Hello: I recently started exploring the parallel capabilities of Julia and
I need some help in understanding and improving the performance a very
elementary parallel code using DArrays (I use Julia
version 0.4.0-dev+2431). The code pasted below (based essentially on
plife.jl) solves u''(x) = 0, x \in [0,1] with u(0) and u(1) specified,
using the 2nd order central difference approximation. The parallel version
of the code runs significantly slower than the serial version. It would be
nice if someone could point out ways to improve this and/or suggest an
alternative efficient version.
function laplace_1D_serial(u::Array{Float64})
N = length(u) - 2
u_new = zeros(N)
for i = 1:N
u_new[i] = 0.5(u[i] + u[i + 2])
end
u_new
end
function serial_iterate(u::Array{Float64})
u_new = laplace_1D_serial(u)
for i = 1:length(u_new)
u[i + 1] = u_new[i]
end
end
function parallel_iterate(u::DArray)
DArray(size(u), procs(u)) do I
J = I[1]
if myid() == 2
local_array = zeros(length(J) + 1)
for i = J[1] : J[end] + 1
local_array[i - J[1] + 1] = u[i]
end
append!([float(u[1])], laplace_1D_serial(local_array))

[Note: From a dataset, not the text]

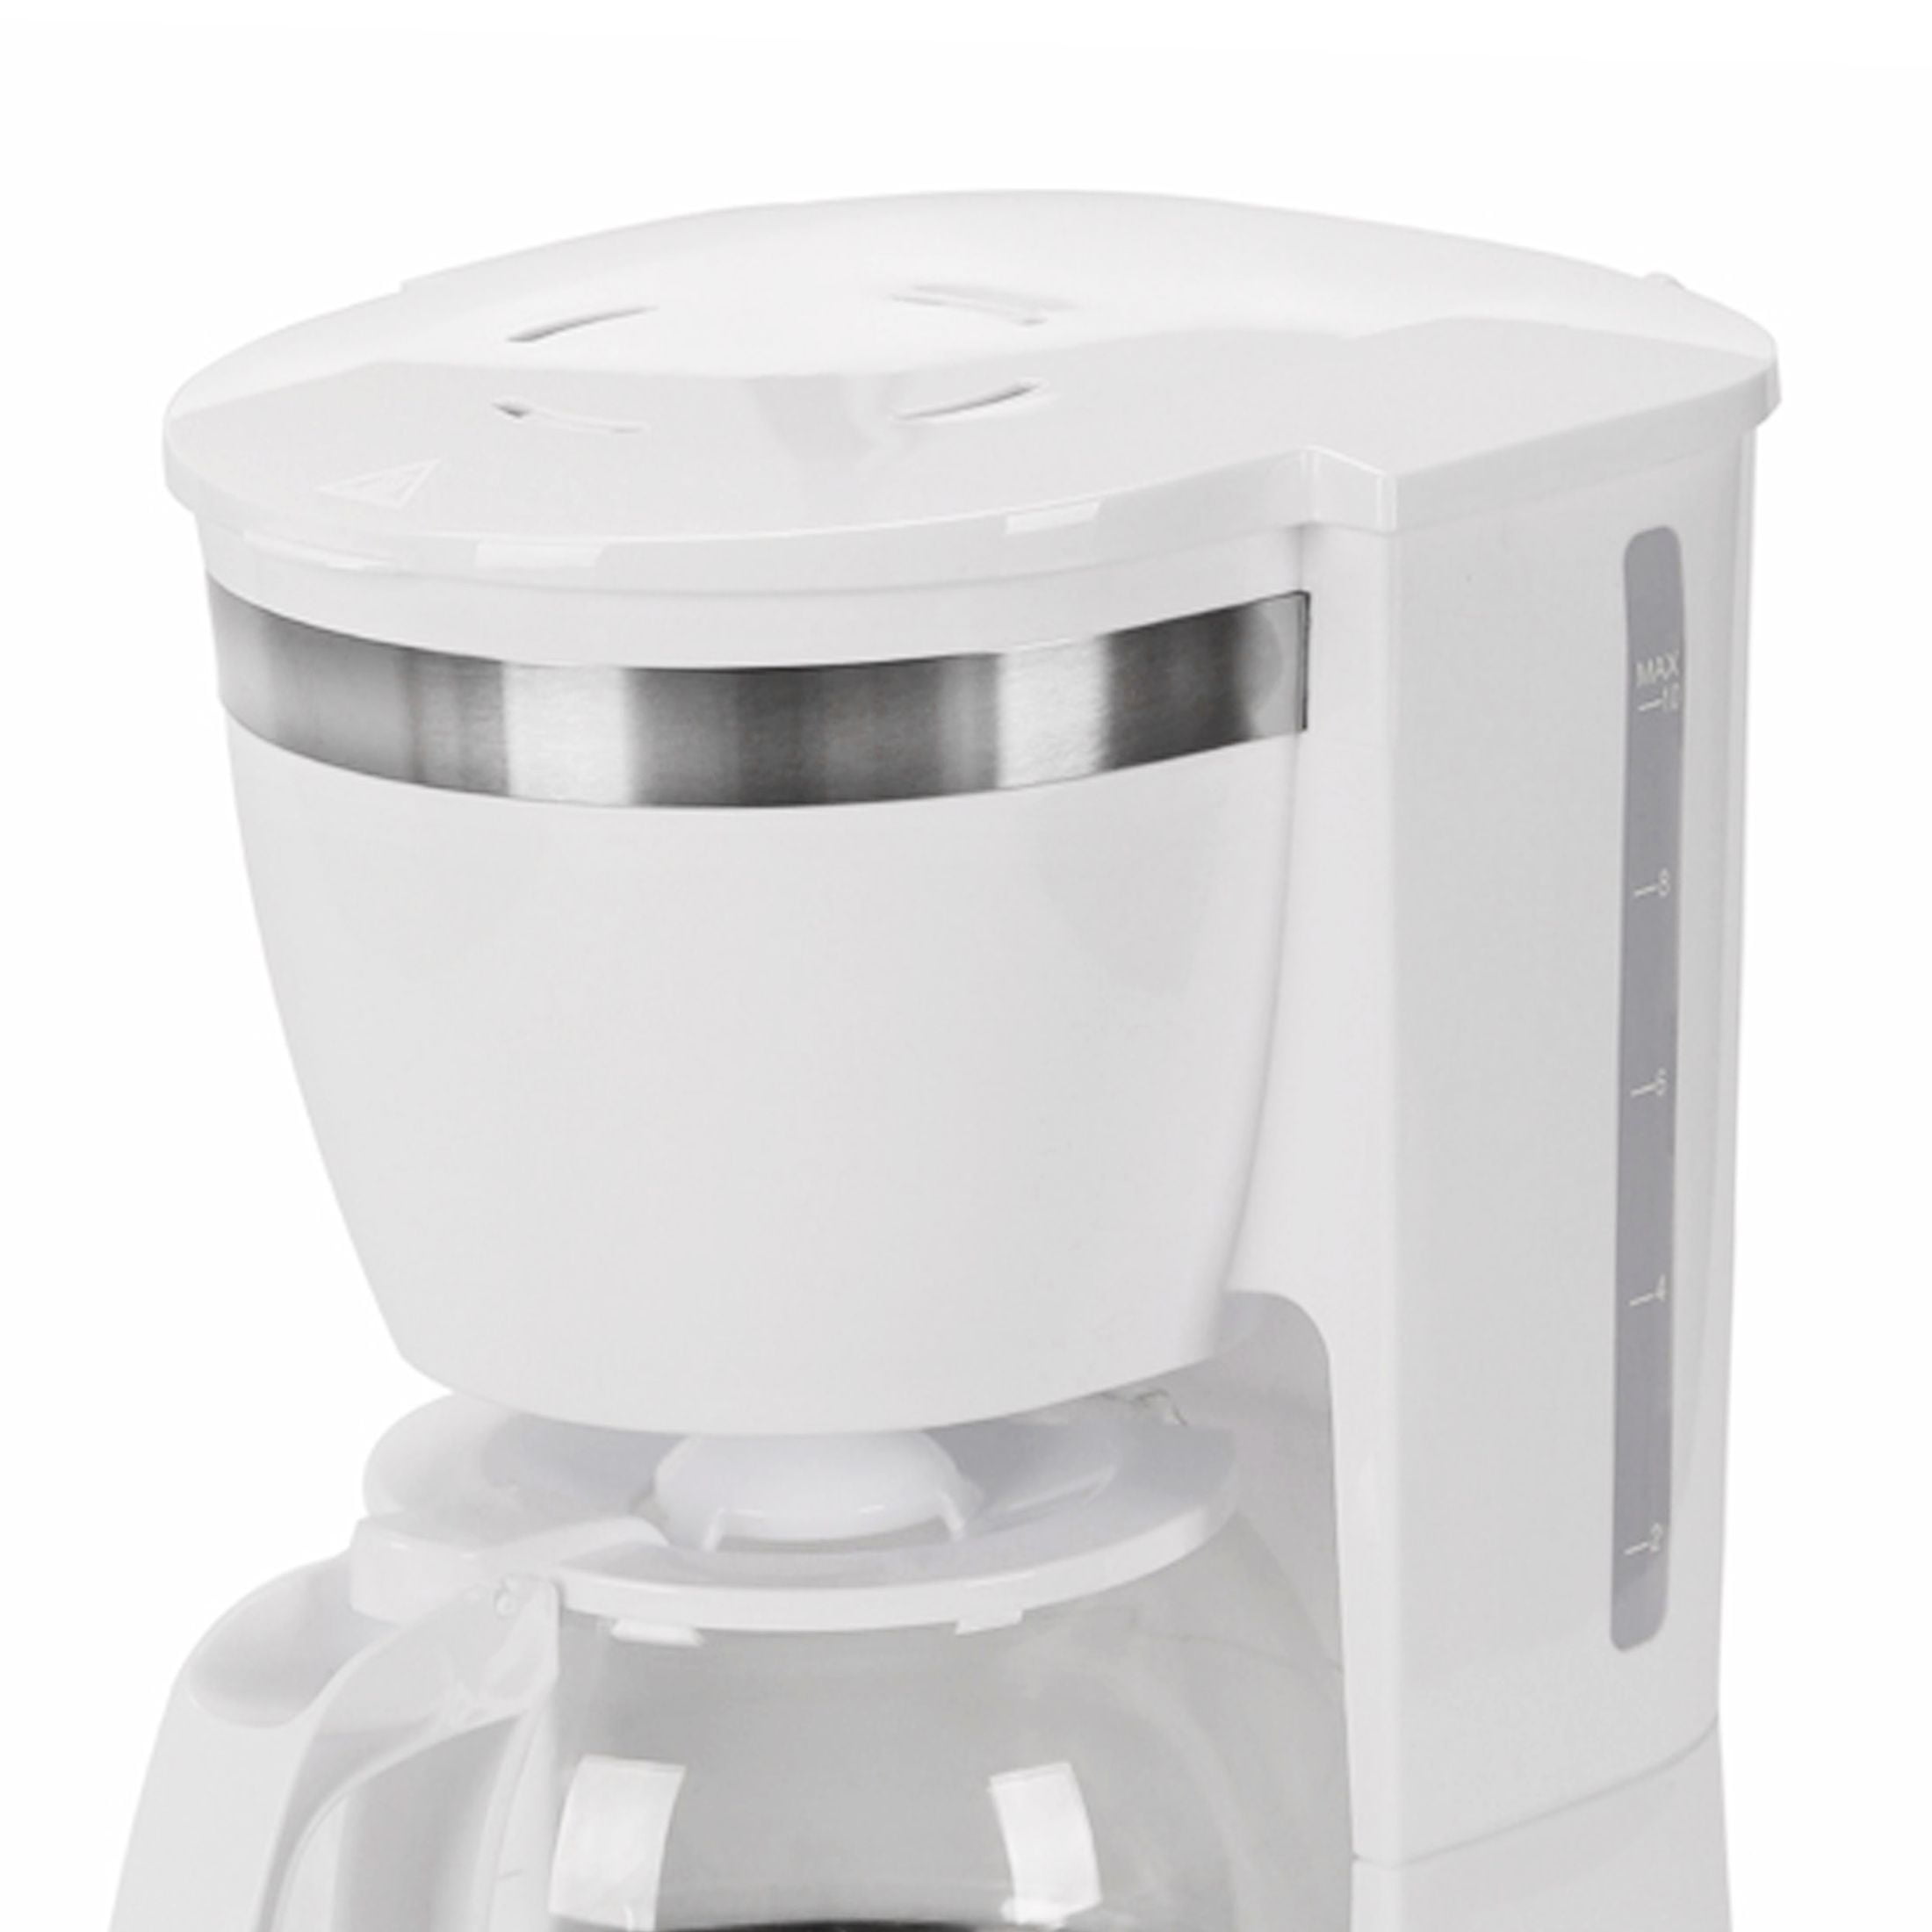 Brentwood TS-213W 4 Cup Coffee Maker, White - Brentwood Appliances
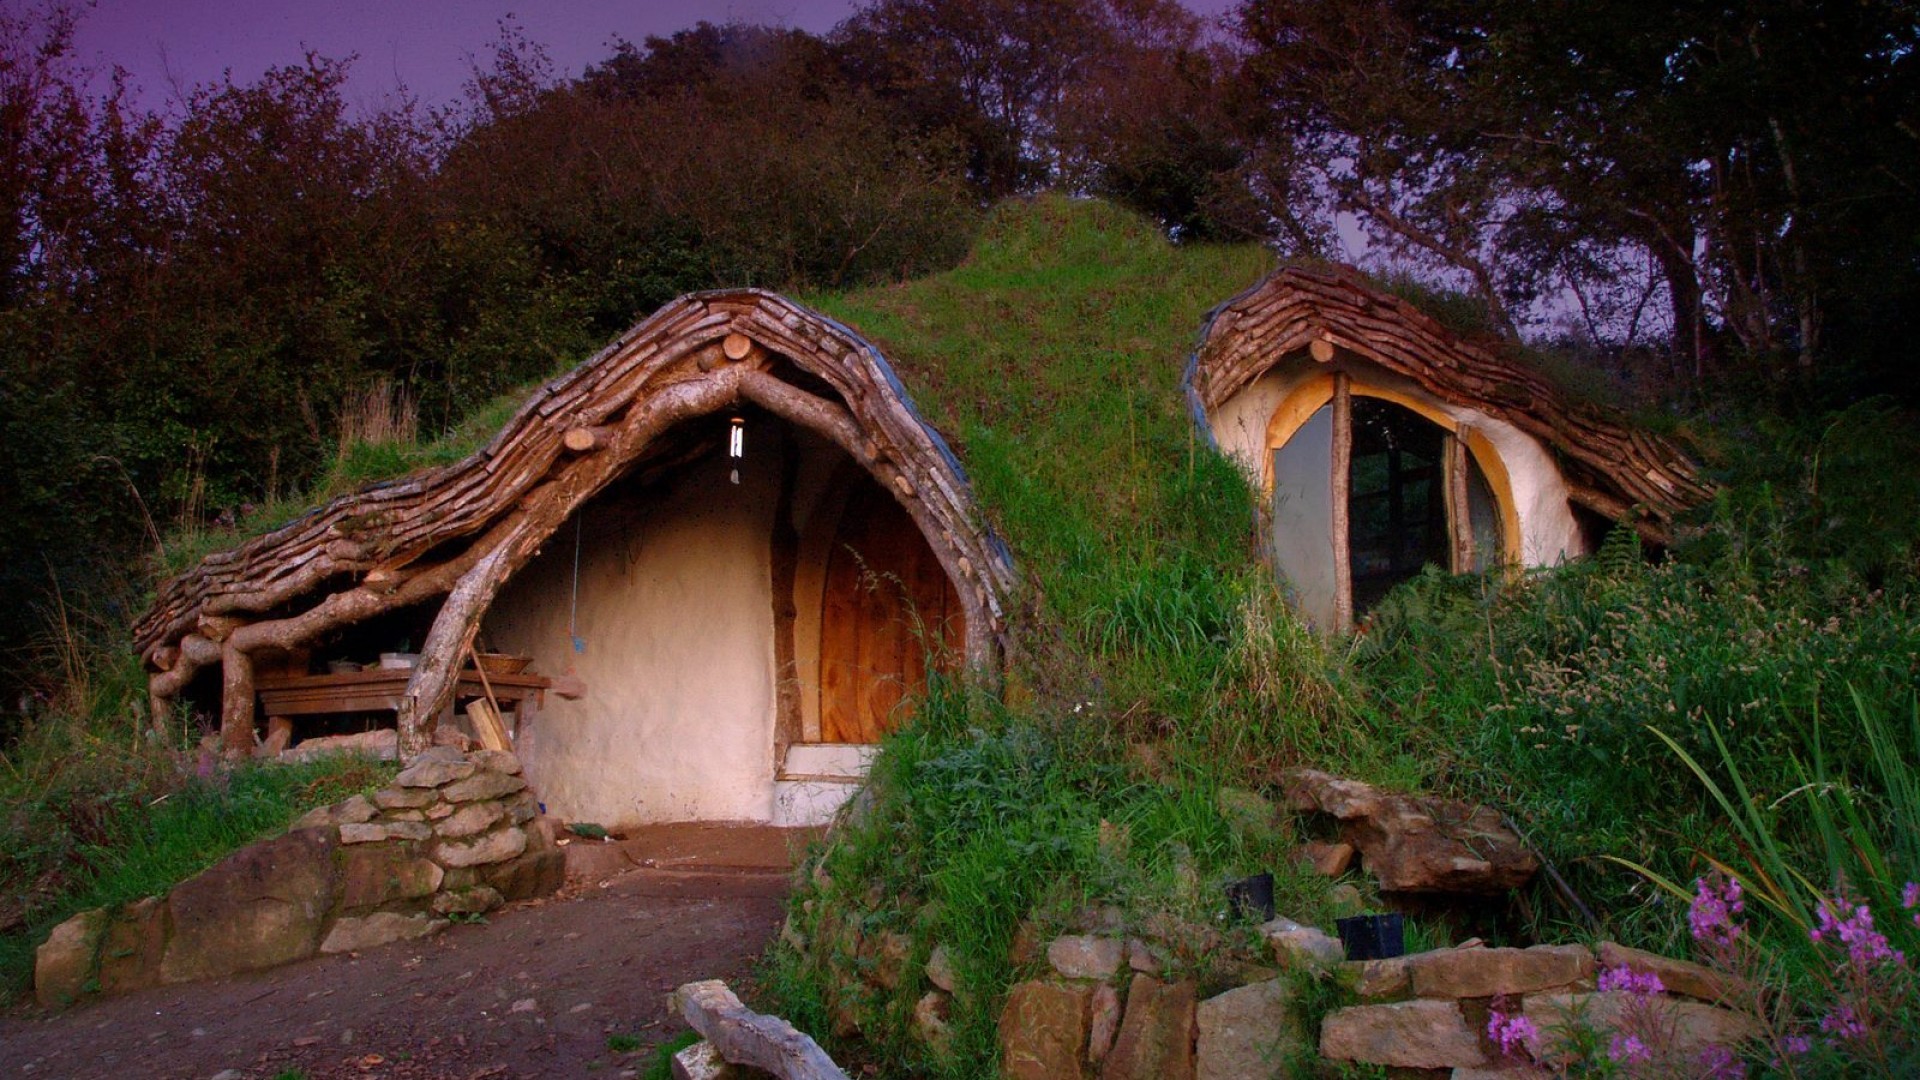 1920x1080 The Lord Of The Rings, The Shire  (1080p) - Wallpaper .

elseif myid() == length(procs(u)) + 1
local_array = zeros(length(J) + 1)
for i = J[1] - 1 : J[end]
local_array[i - J[1] + 2] = u[i]
end
append!(laplace_1D_serial(local_array), [float(u[end])])
else
local_array = zeros(length(J) + 2)
for i = J[1] - 1 : J[end] + 1
local_array[i - J[1] + 2] = u[i]
end
laplace_1D_serial(local_array)
end
end
end
A sample run on my laptop with 4 processors:
julia> u = zeros(1000); u[end] = 1.0; u_distributed = distribute(u);
julia> @time for i = 1:1000
serial_iterate(u)
end
elapsed time: 0.011452192 seconds (8300112 bytes allocated)
julia> @time for i = 1:1000
u_distributed = parallel_iterate(u_distributed)
end
elapsed time: 4.461922218 seconds (190565036 bytes allocated, 10.17% gc
time)
Thanks for your help!
Cheers,
Amuthan